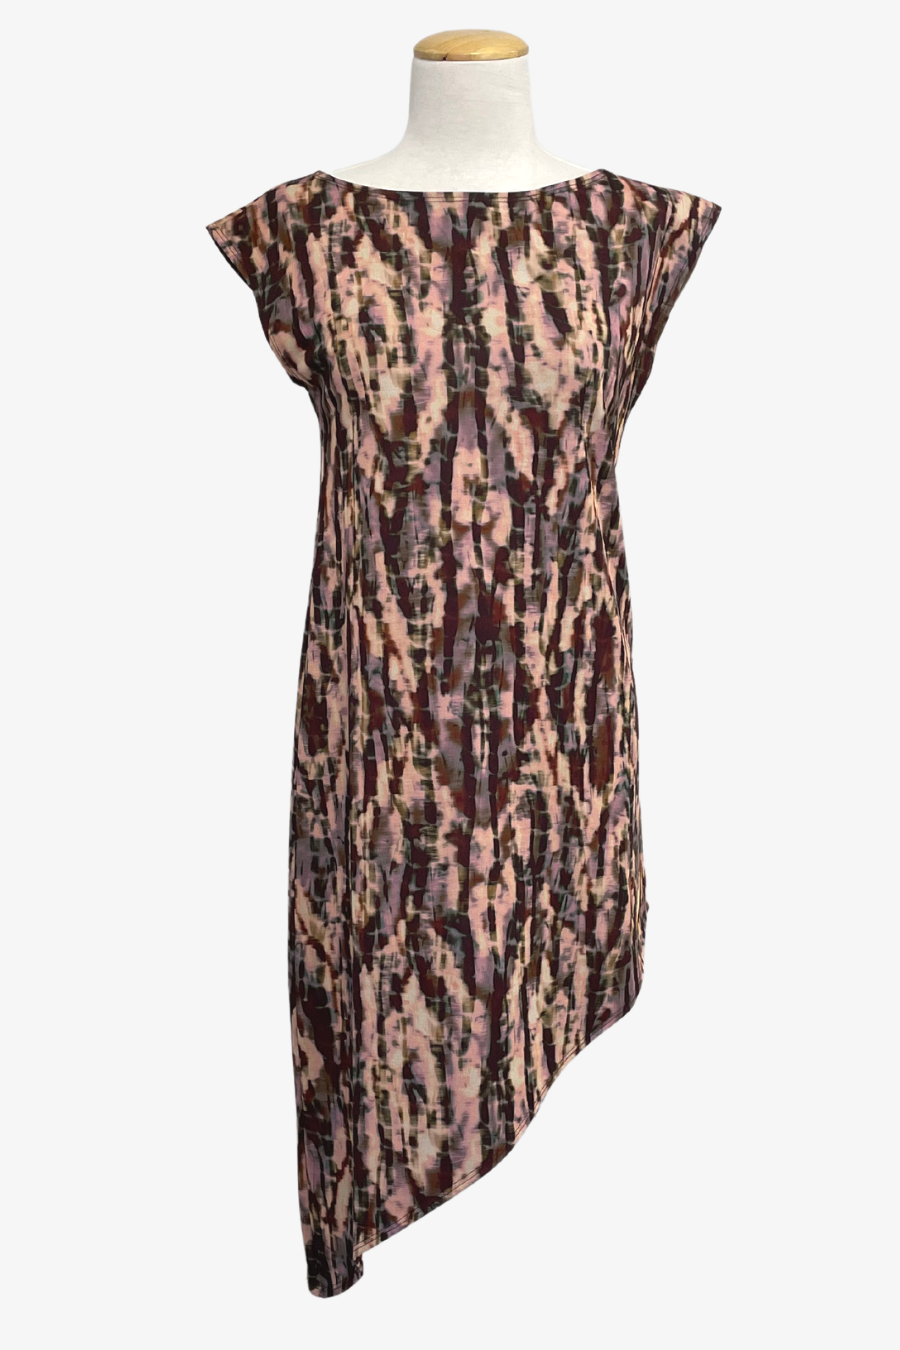 Thomas Tunic in Corteccia Print Fabric ONLINE ONLY
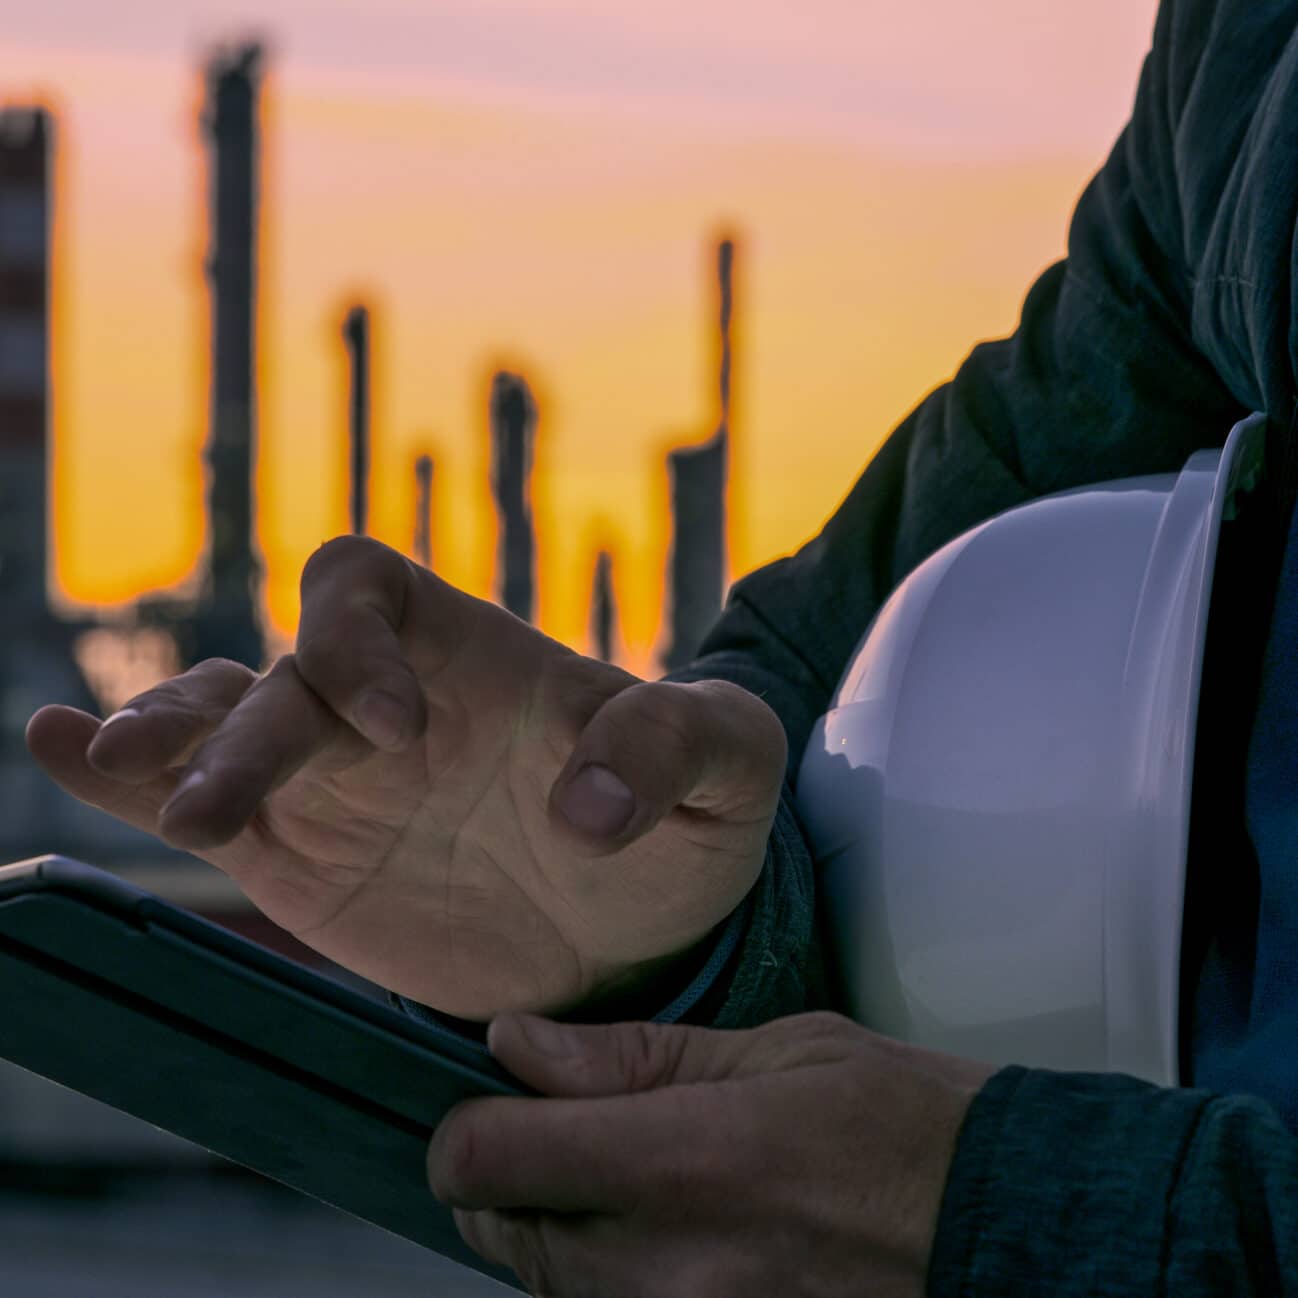 Close-up shot of the hands an engineer with a white hardhat using a tablet with an oil refinery visible in the background during sunset.
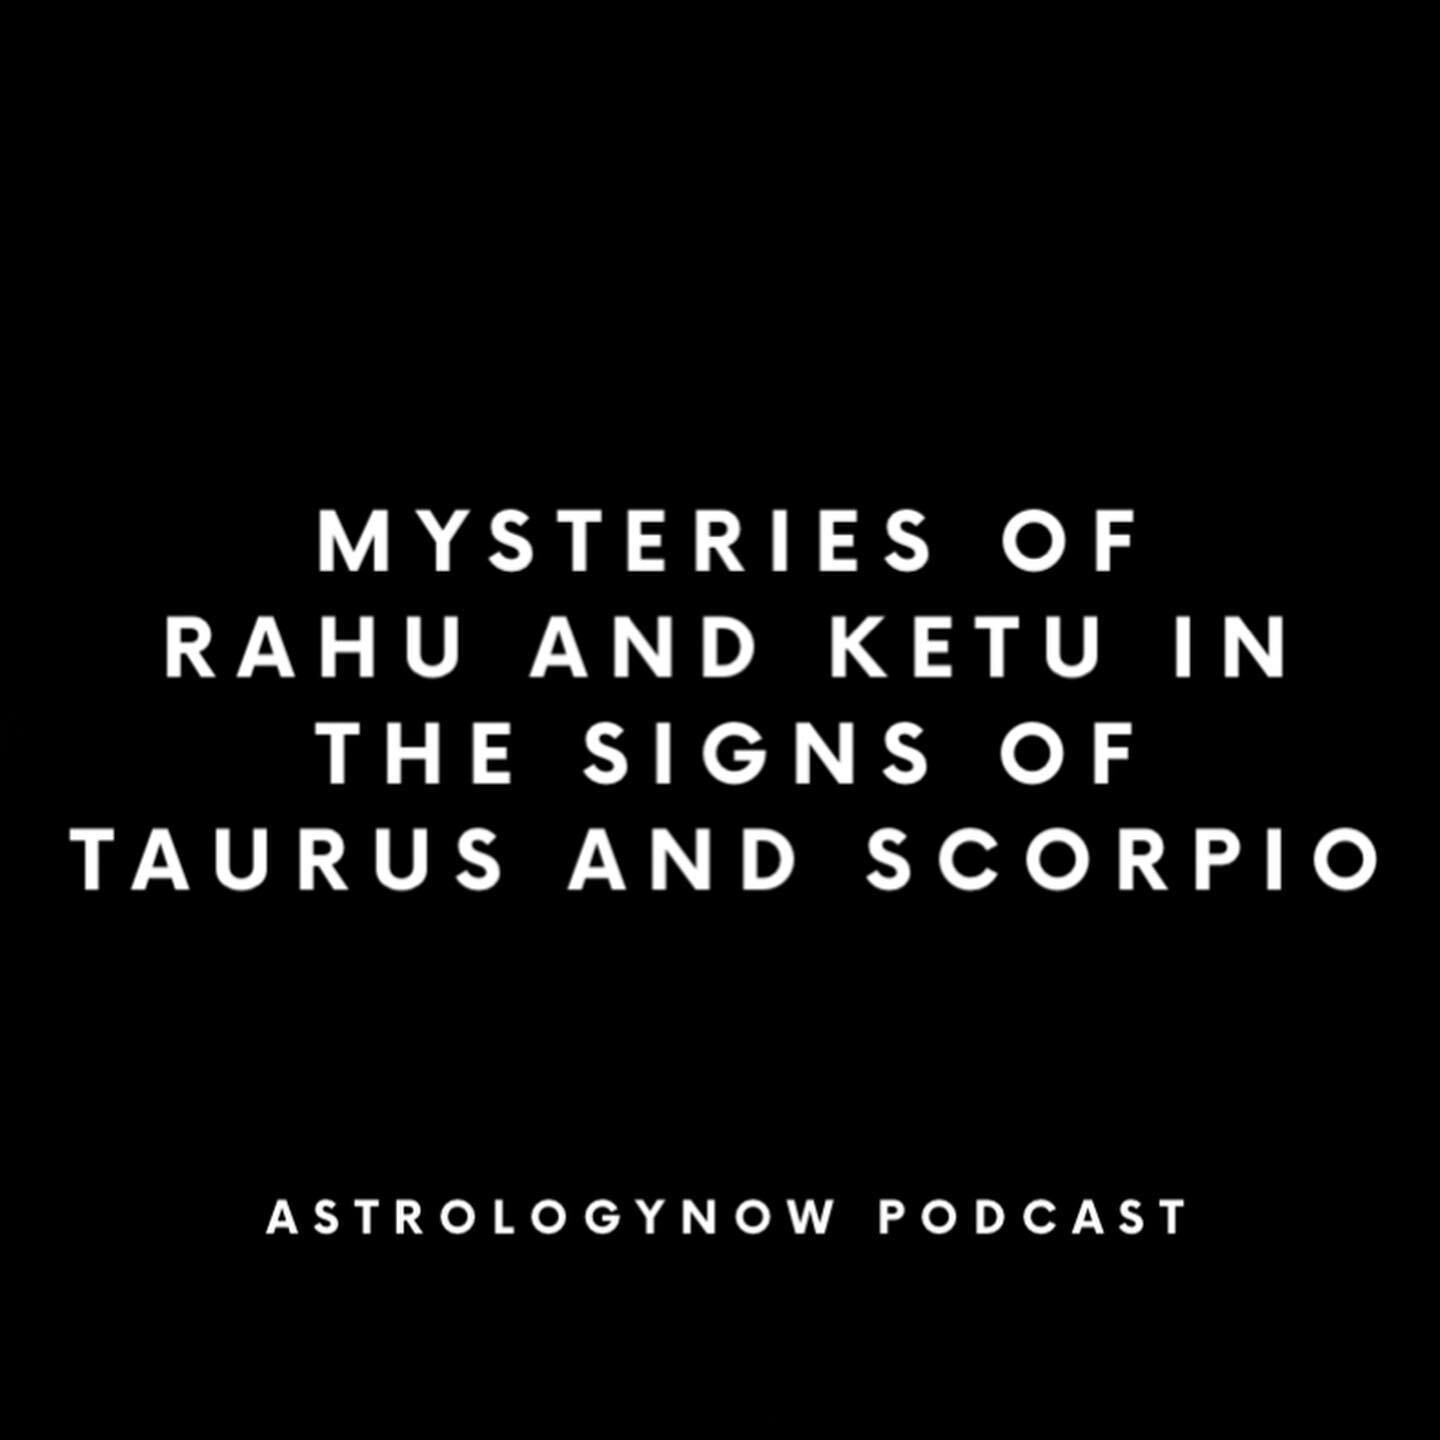 Ketu is currently in the sign of Scorpio and Rahu is in the sign of Taurus.

I&rsquo;ve recently posted about how these signs pertain to women specifically - and it&rsquo;s also difficult to ignore the obviously correlation to the nodes, these signs,
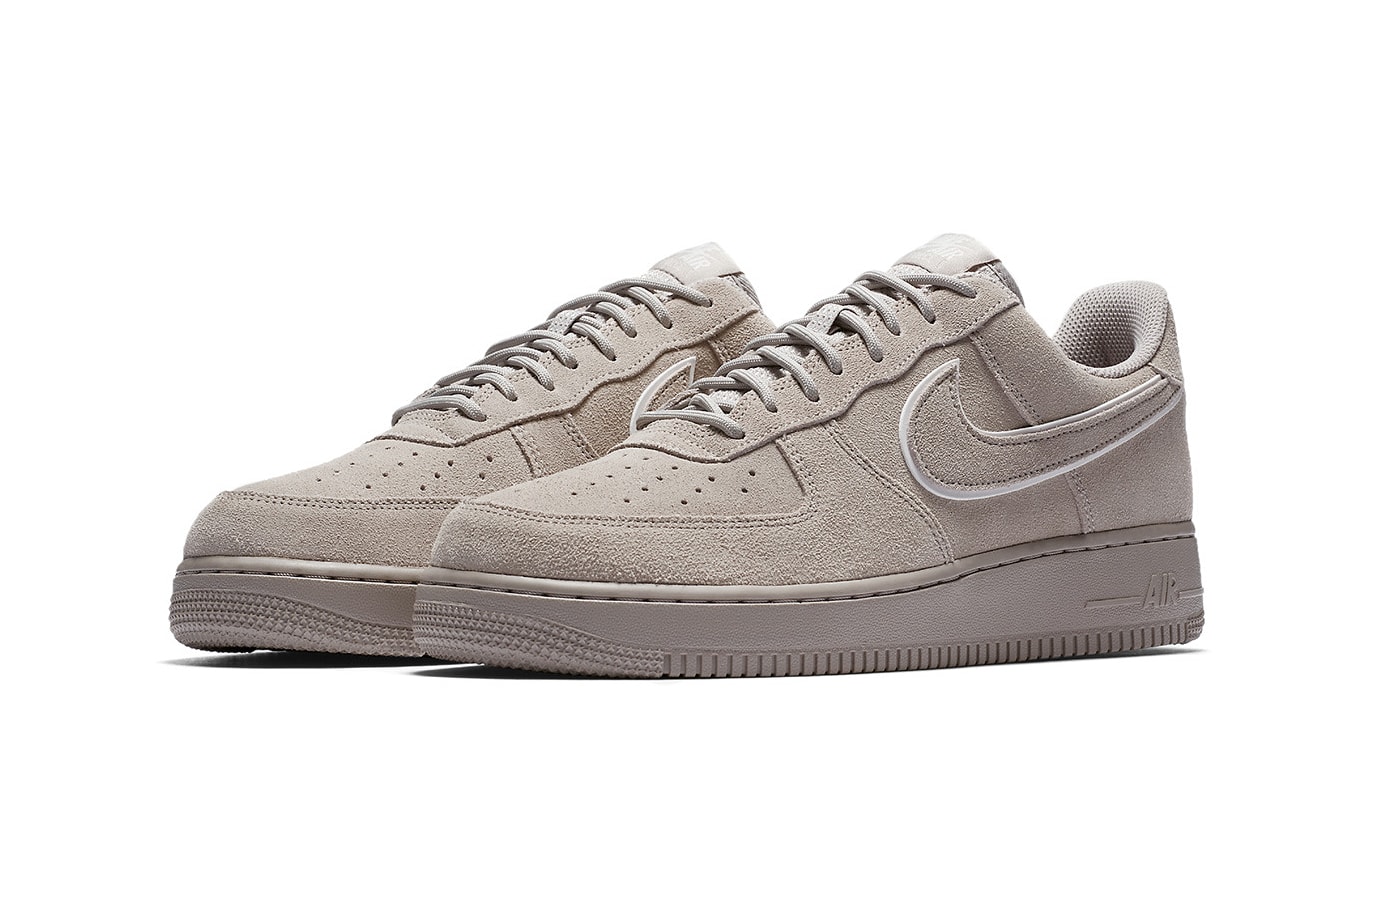 Nike air force 1 low suede pack pink turquoise blue off-white cream beige tonal sneakers womens mens unisex
_ _ _
Required work:
Write out again only the lines from the line that contains "Close-up shot of" through the last line of the records, both ends included, without any of the pictures.

Task response:
 Close-up shot of the hands an engineer with a white hardhat using a tablet with an oil refinery visible in the background during sunset.
 Ketu is currently in the sign of Scorpio and Rahu is in the sign of Taurus.

I&rsquo;ve recently posted about how these signs pertain to women specifically - and it&rsquo;s also difficult to ignore the obviously correlation to the nodes, these signs,
 Nike air force 1 low suede pack pink turquoise blue off-white cream beige tonal sneakers womens mens unisex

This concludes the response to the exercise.